▶ _PROBLEM DETAILS_
I would like you to output every record below exactly, apart from the pictures.

[Data entries]
*** Block opens ***

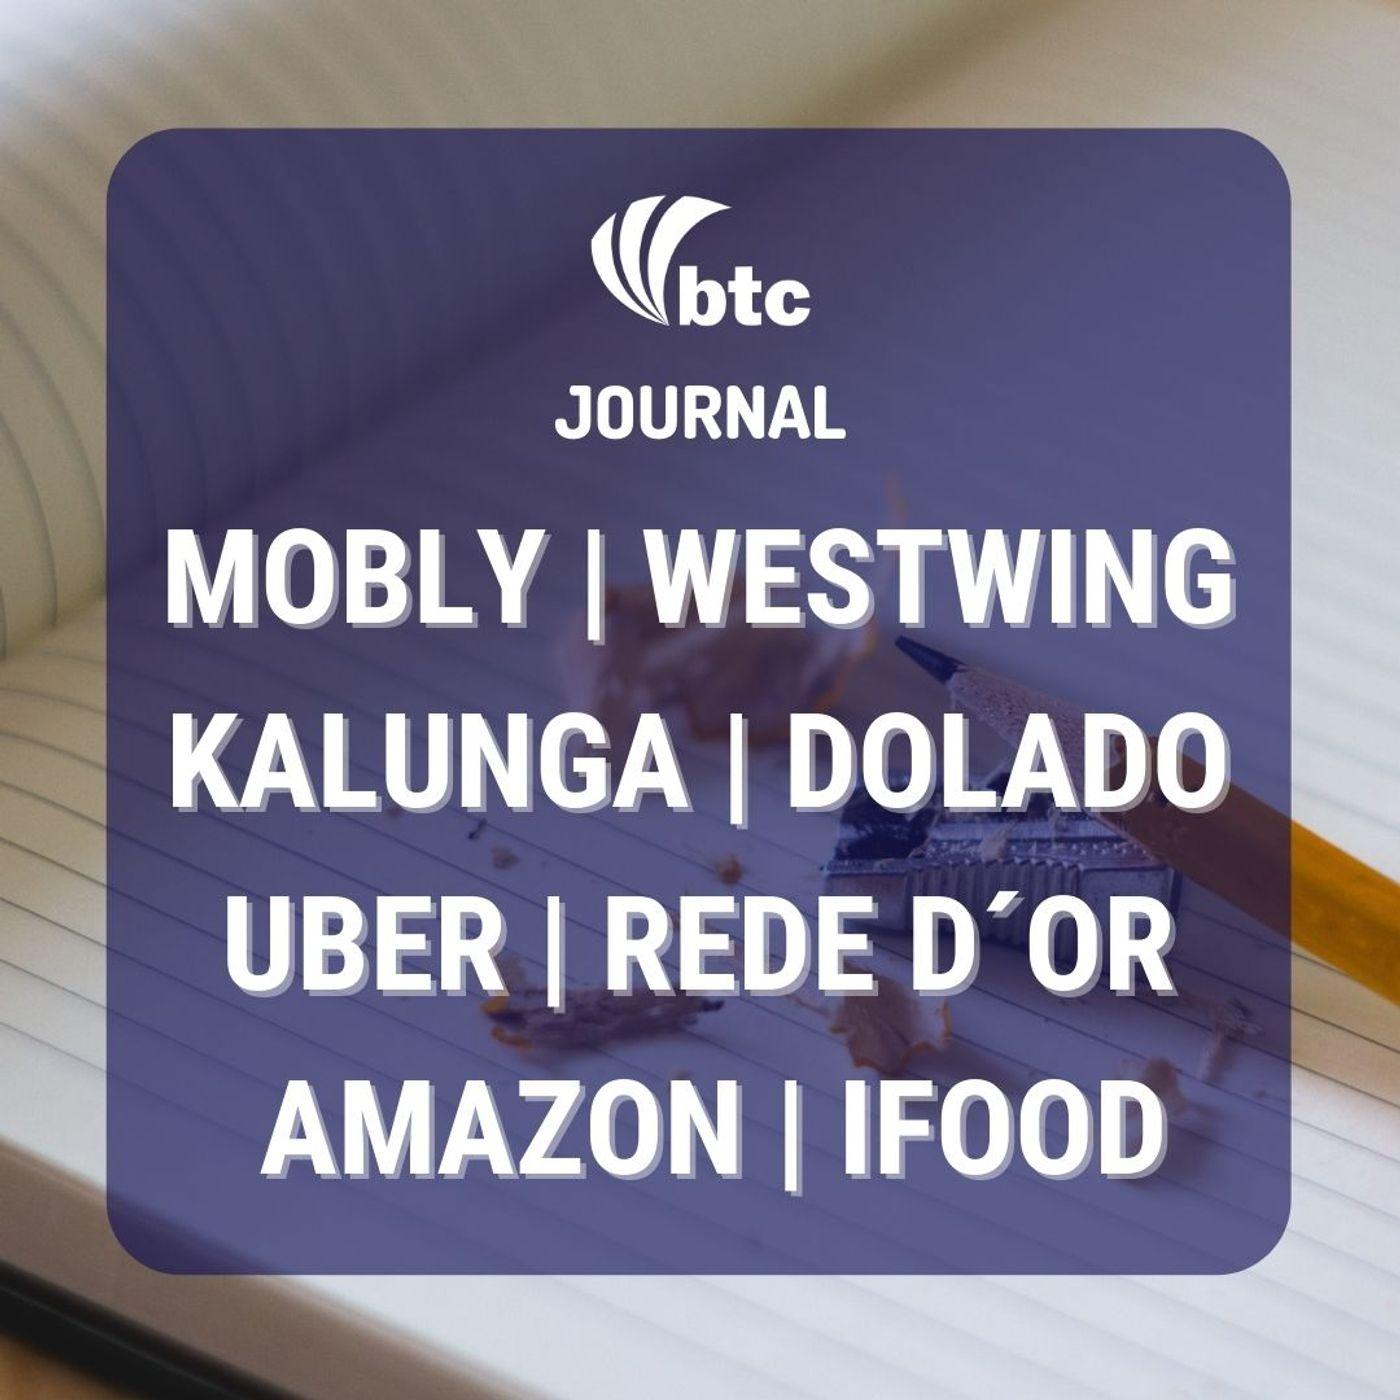 IPO Mobly, Westwing e Kalunga   Dolado, Uber, Rede D´Or e Dasa   BTC Journal 10/12/20
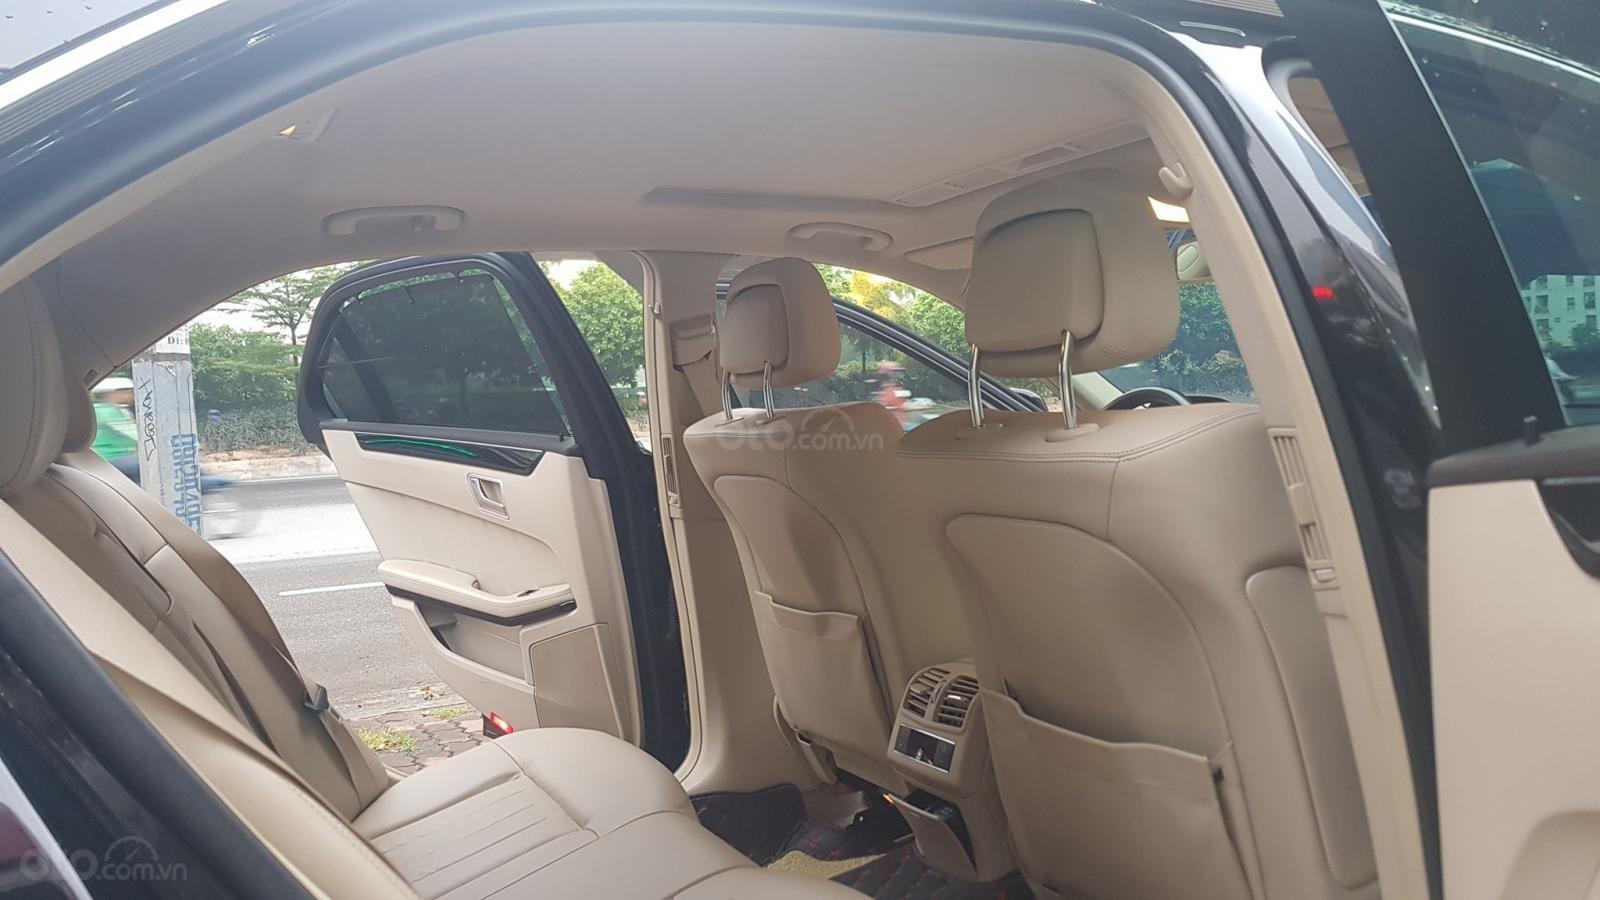 Cần bán xe Mercedes E250 CGI sản xuất 2013 đăng ký cá nhân (12)
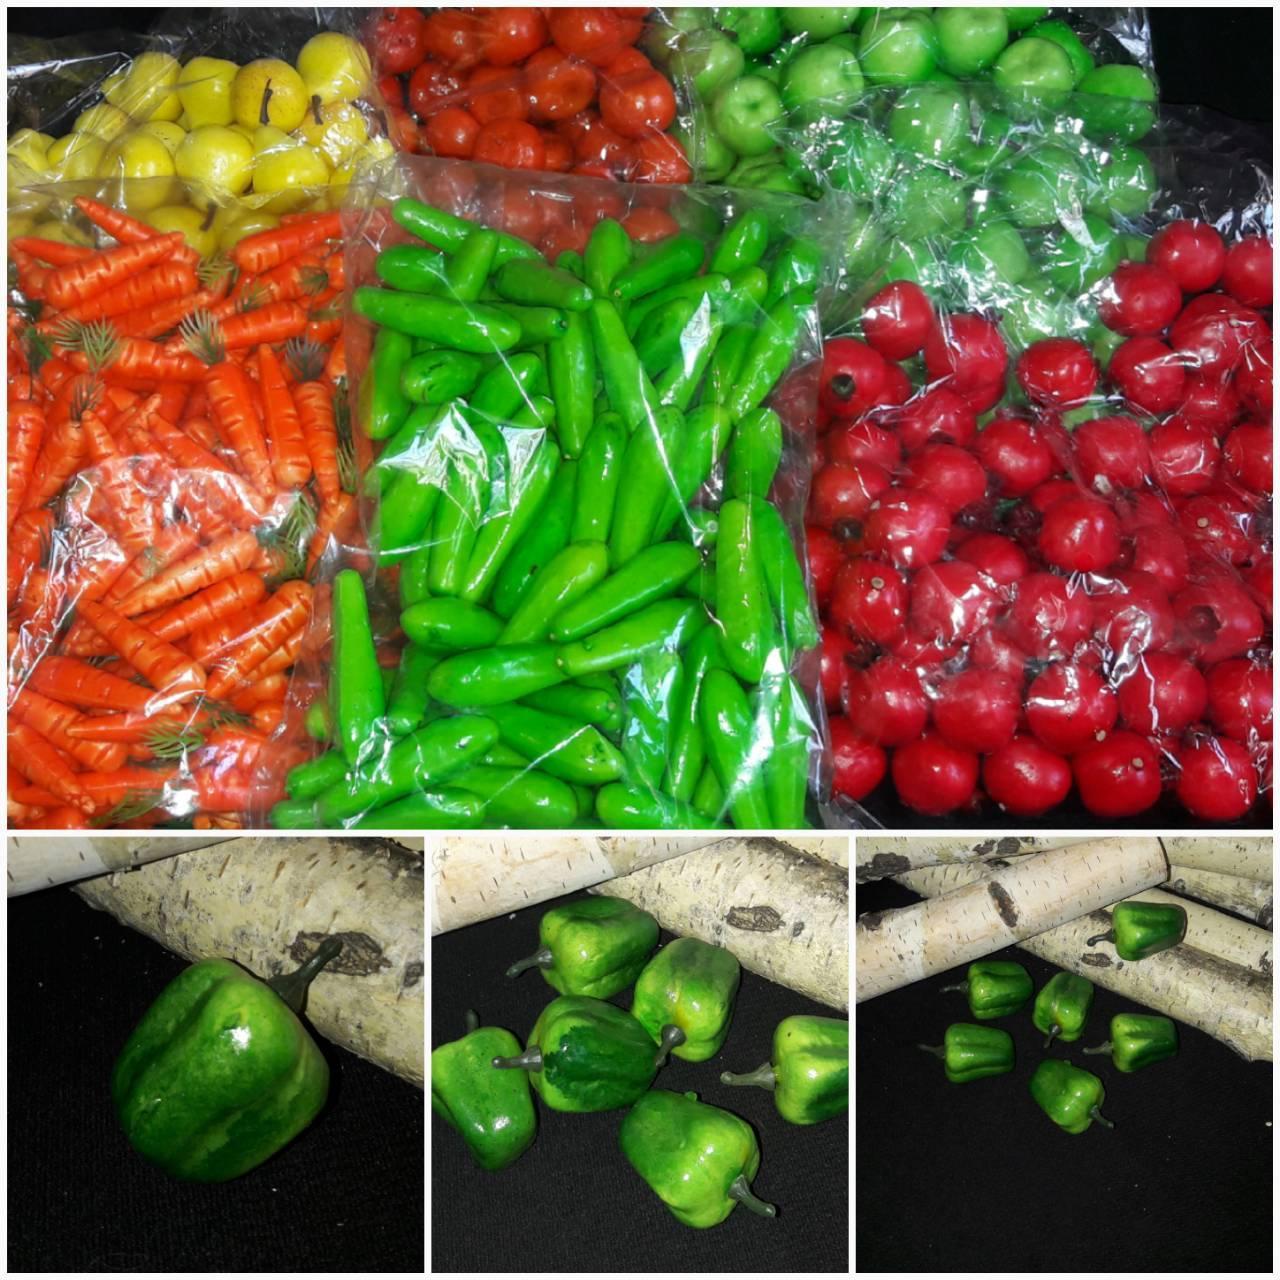 Болгарский перец зеленого цвета, пенопласт, выс. 3.5 см., 50 шт., 125 грн.
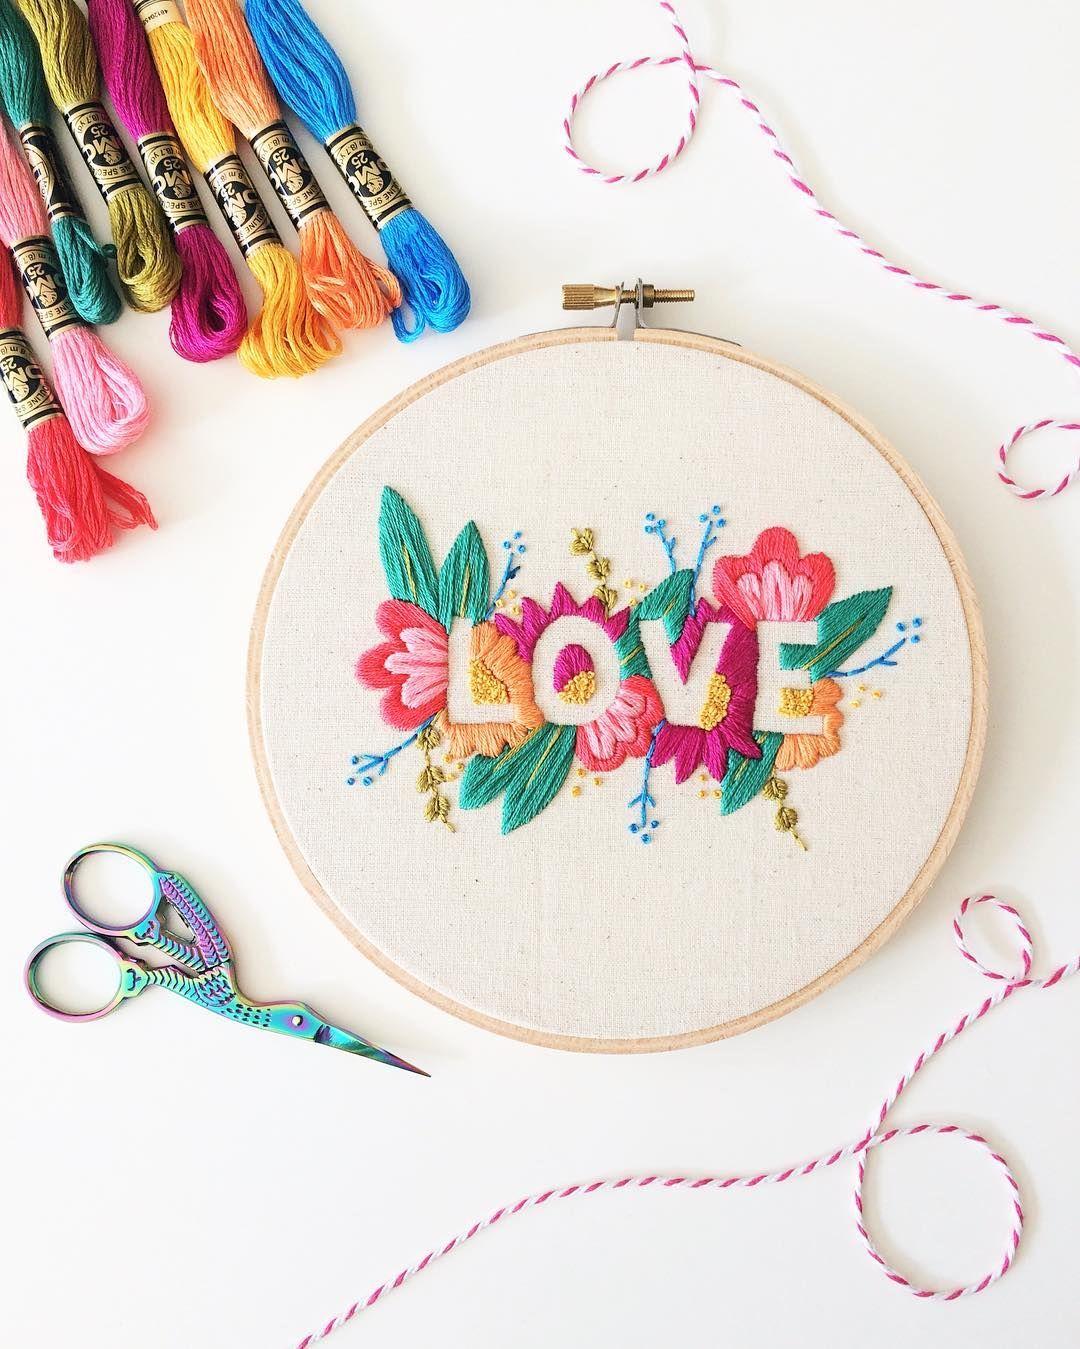 LucyFrancis26 | Embroidery | Pinterest | Bordado, Bordado a mano y ...
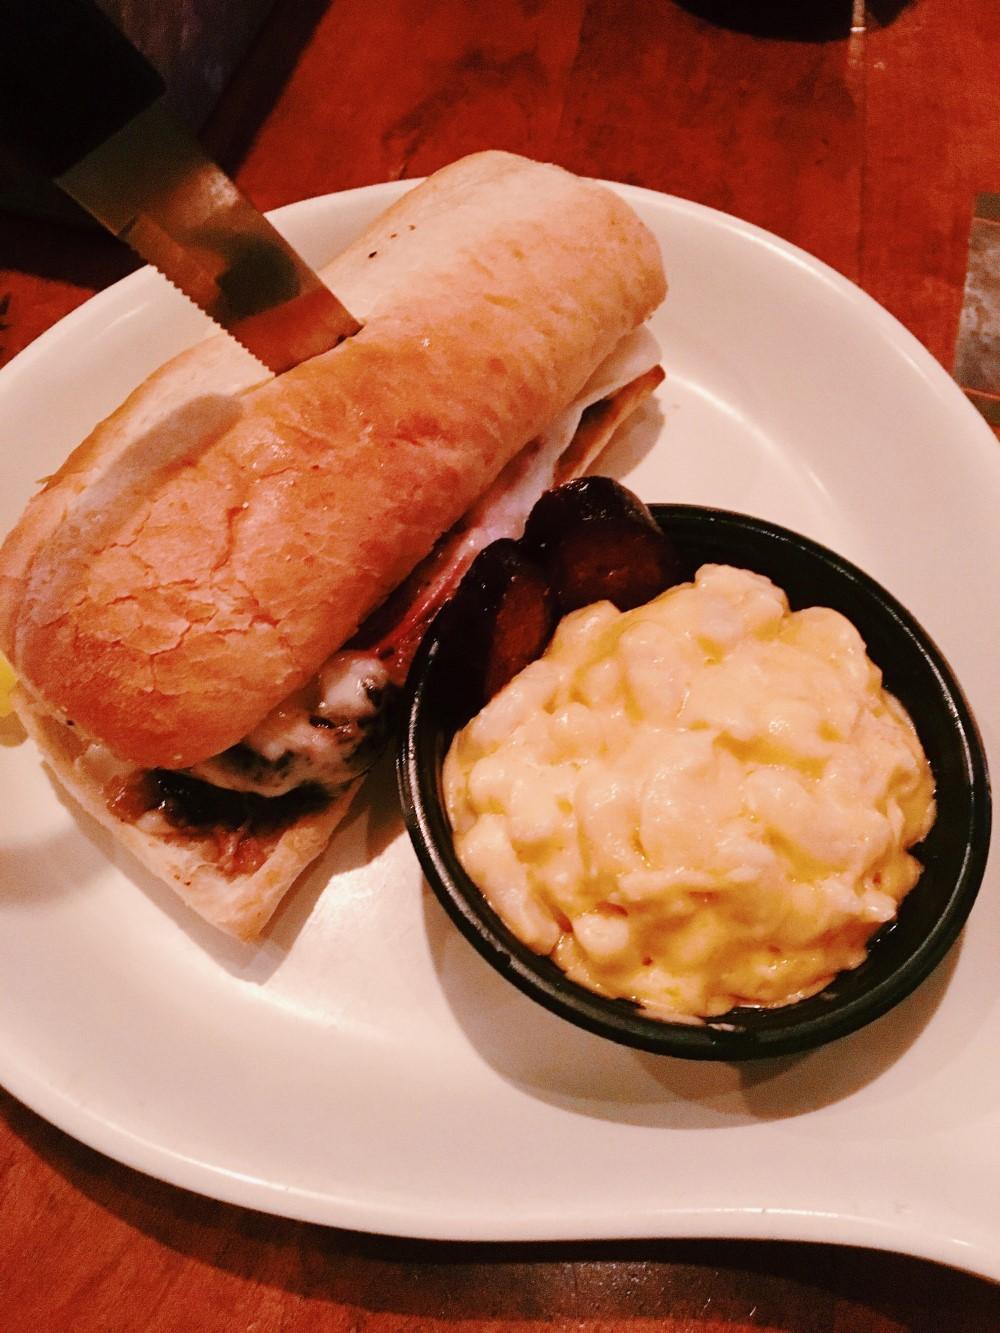 NoBull sandwich plate
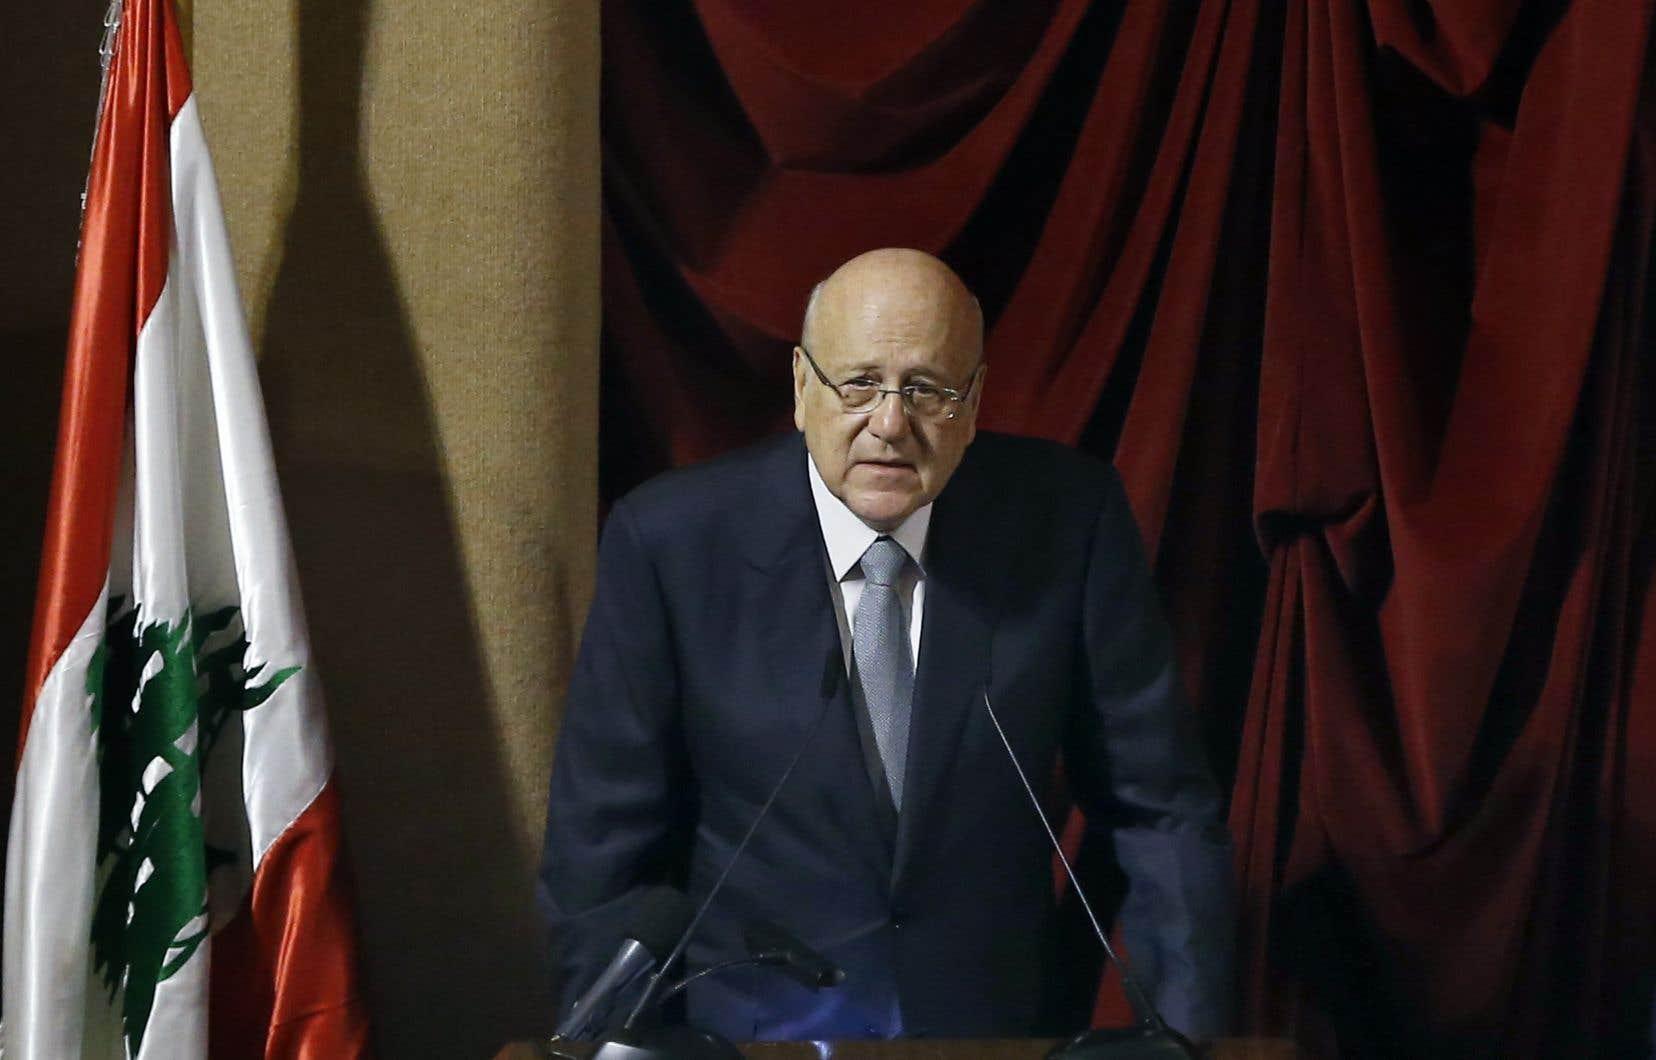 Englué dans une crise économique sans précédent, le Liban s'est doté le 10septembre d'un nouveau gouvernement dirigé par le premier ministre Najib Mikati, après 13 mois d'interminables tractations politiques.

*** Block closes ***

▶ _SOLUTION FOR THIS TASK_
 IPO Mobly, Westwing e Kalunga   Dolado, Uber, Rede D´Or e Dasa   BTC Journal 10/12/20
 Cần bán xe Mercedes E250 CGI sản xuất 2013 đăng ký cá nhân (12)
 Болгарский перец зеленого цвета, пенопласт, выс. 3.5 см., 50 шт., 125 грн.
 LucyFrancis26 | Embroidery | Pinterest | Bordado, Bordado a mano y ...
 NoBull sandwich plate
 Englué dans une crise économique sans précédent, le Liban s'est doté le 10septembre d'un nouveau gouvernement dirigé par le premier ministre Najib Mikati, après 13 mois d'interminables tractations politiques.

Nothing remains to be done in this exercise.